**To do**
Reproduce the full set of records verbatim.
_ _ _ _ _
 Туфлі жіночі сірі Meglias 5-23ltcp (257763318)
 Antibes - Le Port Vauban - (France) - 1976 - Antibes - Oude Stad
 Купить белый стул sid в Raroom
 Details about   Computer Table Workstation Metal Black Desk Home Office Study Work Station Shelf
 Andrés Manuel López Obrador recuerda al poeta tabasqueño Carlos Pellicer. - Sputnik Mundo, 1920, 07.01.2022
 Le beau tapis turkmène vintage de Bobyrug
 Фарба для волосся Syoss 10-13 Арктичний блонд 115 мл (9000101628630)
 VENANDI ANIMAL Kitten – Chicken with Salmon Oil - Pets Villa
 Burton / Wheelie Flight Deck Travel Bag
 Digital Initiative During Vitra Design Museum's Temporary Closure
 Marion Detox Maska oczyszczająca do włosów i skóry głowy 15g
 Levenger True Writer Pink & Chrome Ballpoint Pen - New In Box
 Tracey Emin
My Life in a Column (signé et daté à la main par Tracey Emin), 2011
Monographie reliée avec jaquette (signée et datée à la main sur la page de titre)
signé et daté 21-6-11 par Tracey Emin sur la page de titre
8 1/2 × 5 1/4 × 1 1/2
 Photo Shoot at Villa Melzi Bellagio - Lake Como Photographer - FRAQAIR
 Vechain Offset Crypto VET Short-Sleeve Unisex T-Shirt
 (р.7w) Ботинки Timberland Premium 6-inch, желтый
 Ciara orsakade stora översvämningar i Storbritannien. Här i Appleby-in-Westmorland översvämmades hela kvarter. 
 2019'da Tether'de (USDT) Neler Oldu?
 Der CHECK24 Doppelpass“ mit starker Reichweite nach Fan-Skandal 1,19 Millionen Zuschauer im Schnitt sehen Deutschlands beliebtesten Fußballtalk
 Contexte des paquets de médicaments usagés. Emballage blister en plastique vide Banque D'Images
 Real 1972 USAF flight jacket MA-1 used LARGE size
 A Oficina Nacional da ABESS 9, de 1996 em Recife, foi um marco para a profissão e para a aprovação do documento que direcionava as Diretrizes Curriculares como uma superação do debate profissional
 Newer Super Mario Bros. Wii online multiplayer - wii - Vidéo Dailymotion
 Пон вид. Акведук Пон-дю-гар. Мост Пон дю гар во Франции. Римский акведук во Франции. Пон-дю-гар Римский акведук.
_ _ _ _ _
**Solution to this task**
 Туфлі жіночі сірі Meglias 5-23ltcp (257763318)
 Antibes - Le Port Vauban - (France) - 1976 - Antibes - Oude Stad
 Купить белый стул sid в Raroom
 Details about   Computer Table Workstation Metal Black Desk Home Office Study Work Station Shelf
 Andrés Manuel López Obrador recuerda al poeta tabasqueño Carlos Pellicer. - Sputnik Mundo, 1920, 07.01.2022
 Le beau tapis turkmène vintage de Bobyrug
 Фарба для волосся Syoss 10-13 Арктичний блонд 115 мл (9000101628630)
 VENANDI ANIMAL Kitten – Chicken with Salmon Oil - Pets Villa
 Burton / Wheelie Flight Deck Travel Bag
 Digital Initiative During Vitra Design Museum's Temporary Closure
 Marion Detox Maska oczyszczająca do włosów i skóry głowy 15g
 Levenger True Writer Pink & Chrome Ballpoint Pen - New In Box
 Tracey Emin
My Life in a Column (signé et daté à la main par Tracey Emin), 2011
Monographie reliée avec jaquette (signée et datée à la main sur la page de titre)
signé et daté 21-6-11 par Tracey Emin sur la page de titre
8 1/2 × 5 1/4 × 1 1/2
 Photo Shoot at Villa Melzi Bellagio - Lake Como Photographer - FRAQAIR
 Vechain Offset Crypto VET Short-Sleeve Unisex T-Shirt
 (р.7w) Ботинки Timberland Premium 6-inch, желтый
 Ciara orsakade stora översvämningar i Storbritannien. Här i Appleby-in-Westmorland översvämmades hela kvarter. 
 2019'da Tether'de (USDT) Neler Oldu?
 Der CHECK24 Doppelpass“ mit starker Reichweite nach Fan-Skandal 1,19 Millionen Zuschauer im Schnitt sehen Deutschlands beliebtesten Fußballtalk
 Contexte des paquets de médicaments usagés. Emballage blister en plastique vide Banque D'Images
 Real 1972 USAF flight jacket MA-1 used LARGE size
 A Oficina Nacional da ABESS 9, de 1996 em Recife, foi um marco para a profissão e para a aprovação do documento que direcionava as Diretrizes Curriculares como uma superação do debate profissional
 Newer Super Mario Bros. Wii online multiplayer - wii - Vidéo Dailymotion
 Пон вид. Акведук Пон-дю-гар. Мост Пон дю гар во Франции. Римский акведук во Франции. Пон-дю-гар Римский акведук.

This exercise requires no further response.